If a vector space doesn't have an inner-product defined on it, how do the components of a vector change under the change of basis?
If $V$ is a vector space which doesn't have an inner-product defined on it. $\{e_{i = 1,2, \ldots}\} \ \text{s.t } e_i \in V$ form a basis $B_1$ of $V$ and $\{f_{j = 1,2, \ldots}\} \ \text{s.t } f_j \in V$ is another basis $B_2$ of V.
Any vector $v \in V$ can be expressed as $v = \sum_ic_ie_i = \sum_jd_jf_j $. In the absence of the innerproduct given $c_i \ , \ B_1, \ \text{and} \ B_2$ is it possible to find $d_j \ $ ?
The concepts of change of basis and inner product are independent of one another.

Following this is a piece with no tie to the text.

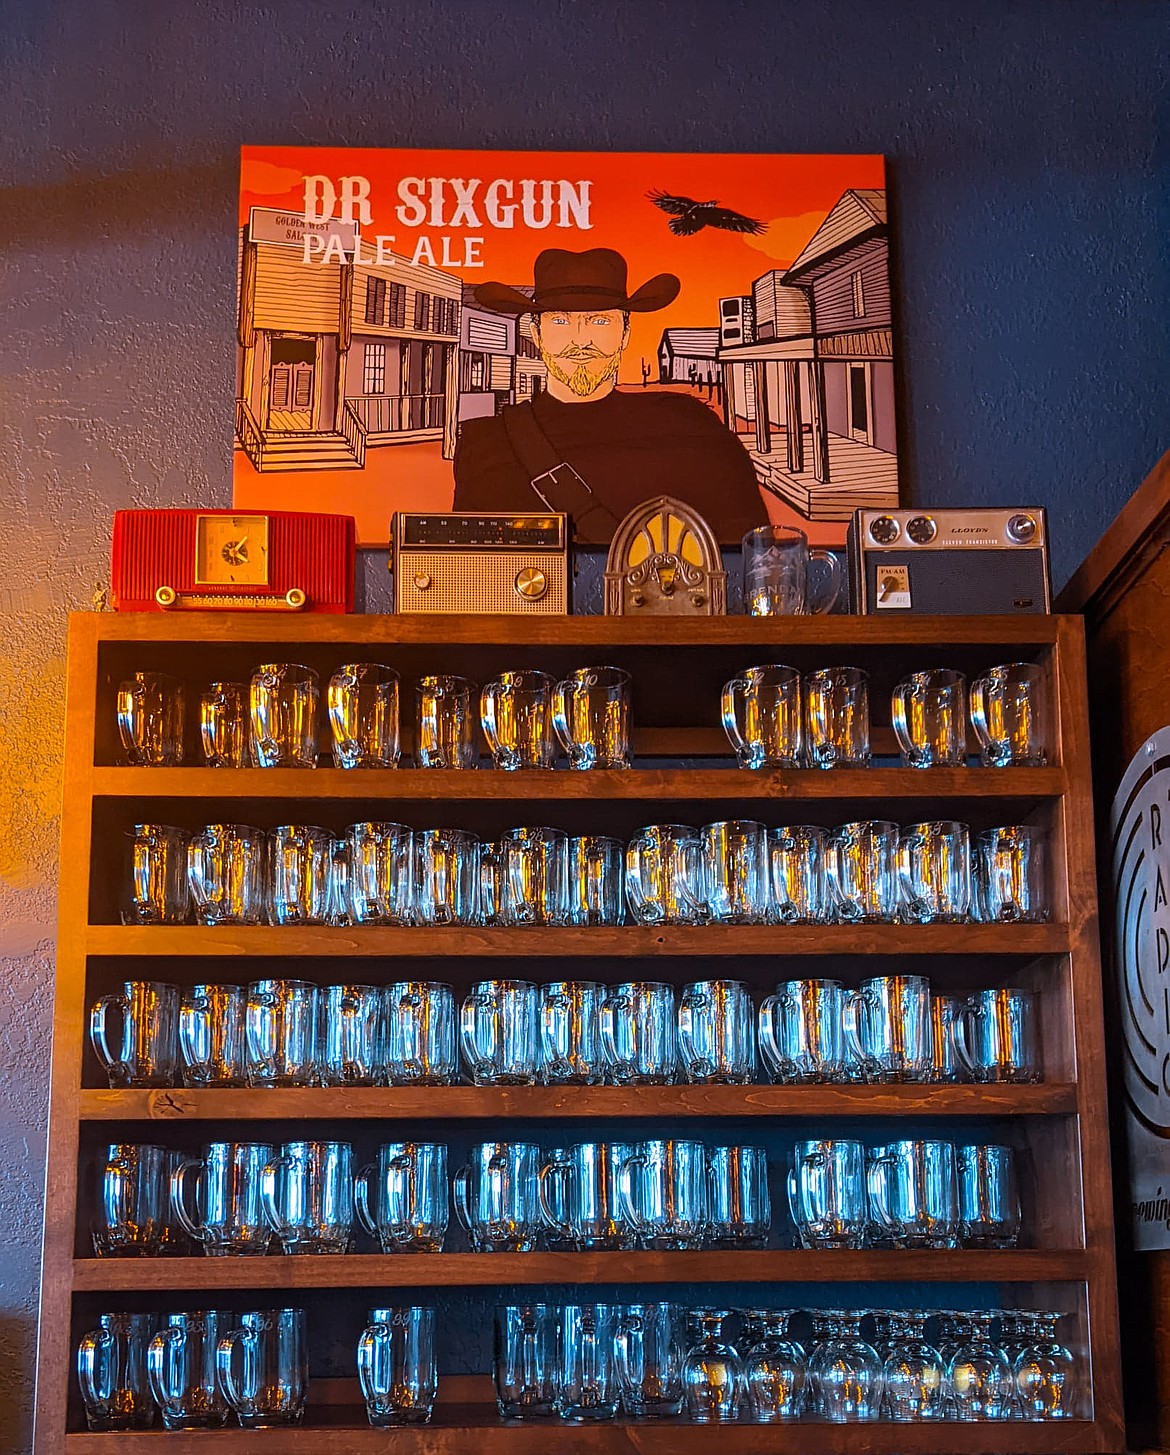 Radio Brewing Company caters to its community by providing a Mug Club for those who love to satiate their thirst with their specialty brewed beer. In the background, the Dr. Sixgun Pale Ale painting was done by the owner, Ashley Mehaffie and was one of the first beers brewed for the company.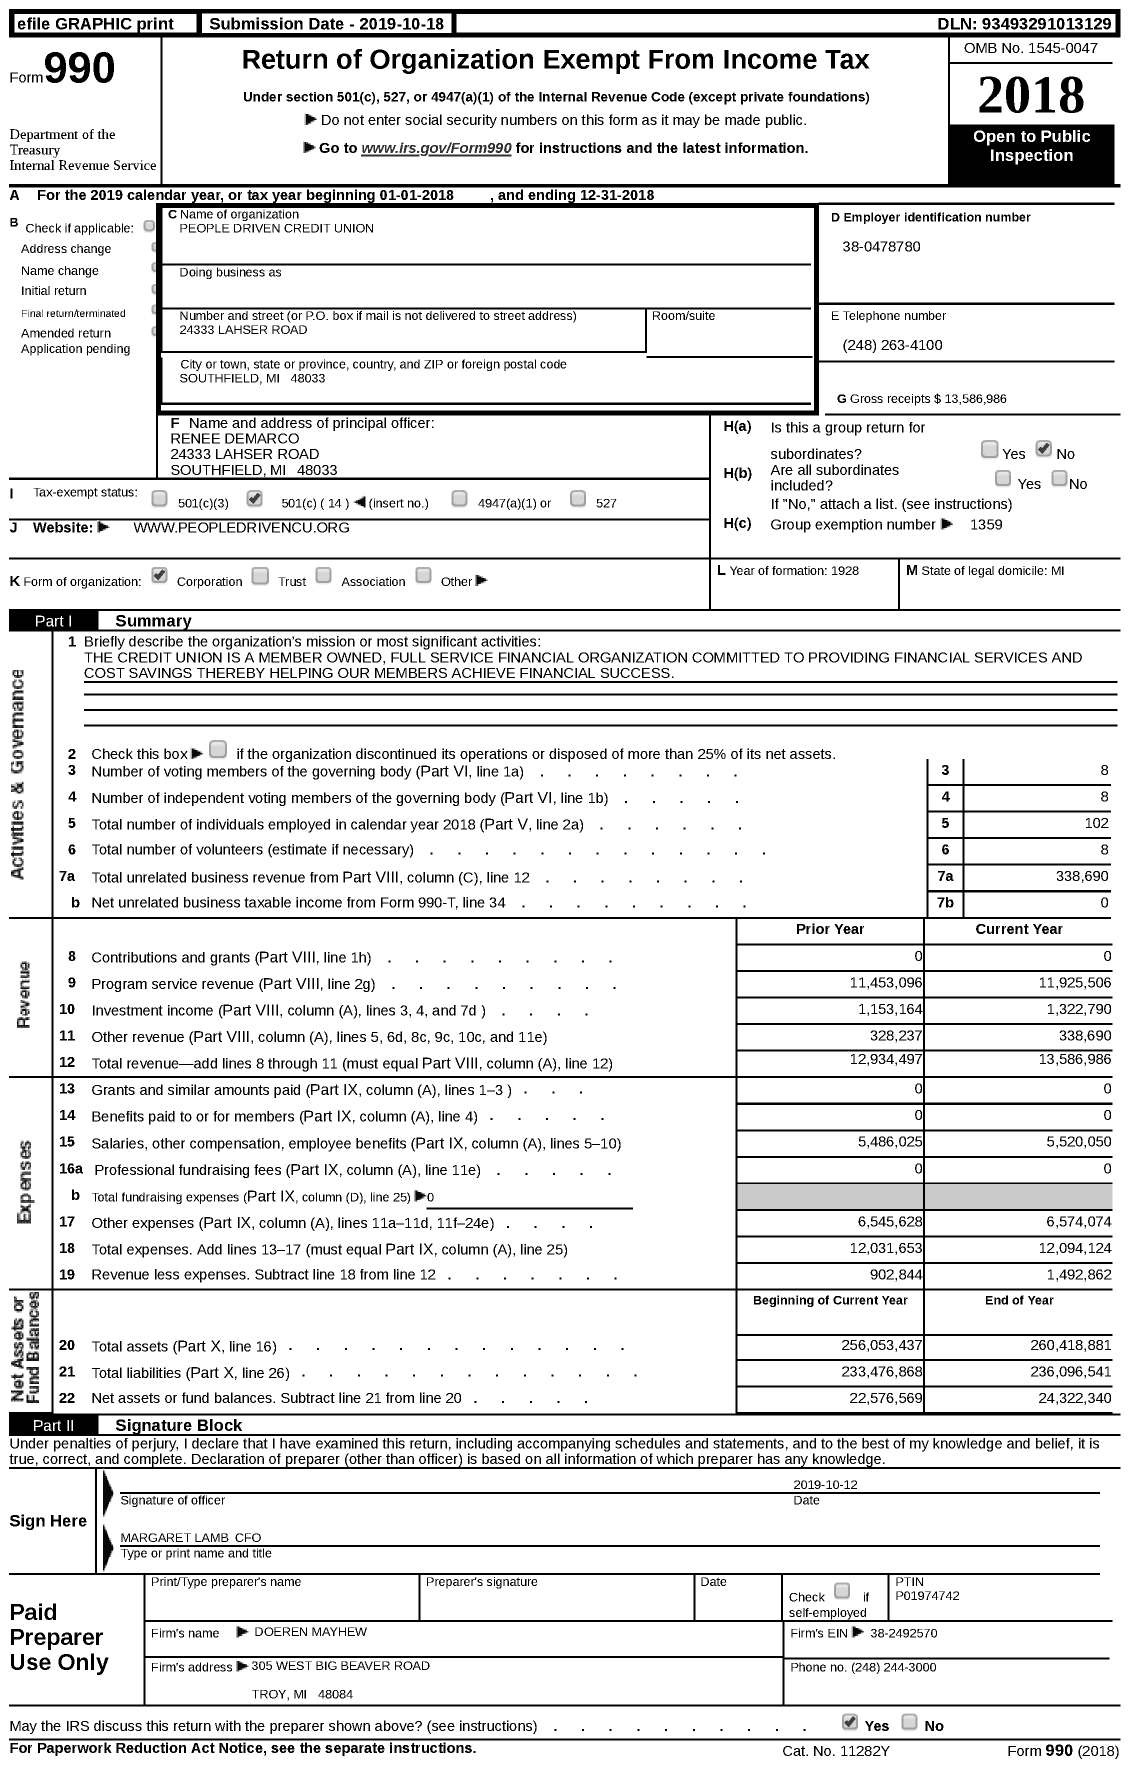 Image of first page of 2018 Form 990 for People Driven Credit Union (PDCU)

If a vector $v$ can be decomposed with respect to two bases as follows
$$v = \sum_ic_ie_i = \sum_jd_jf_j$$
then the way you relate the coefficients of those decompositions is by finding out how the elements of one basis can be expressed as a linear combination of elements of the other basis. Let's assume
$$e_i = \sum_j M_{ij}f_j$$
for some coefficients $M_{ij}$.
Then,
$$v = \sum_ic_ie_i = \sum_{i,j} c_i M_{ij} f_j$$
But since this is also equal to $\sum_j d_j f_j$, we can conclude that
$$\sum_j \left(\sum_i c_i M_{ij} - d_j\right) f_j = 0$$
Now, because the $f_j$ form a basis, the above equality is only true if all the coefficients are $0$ and thus
$$d_j = \sum_i c_i M_{ij}$$
which gives a relation between the coefficients of each decomposition of $v$.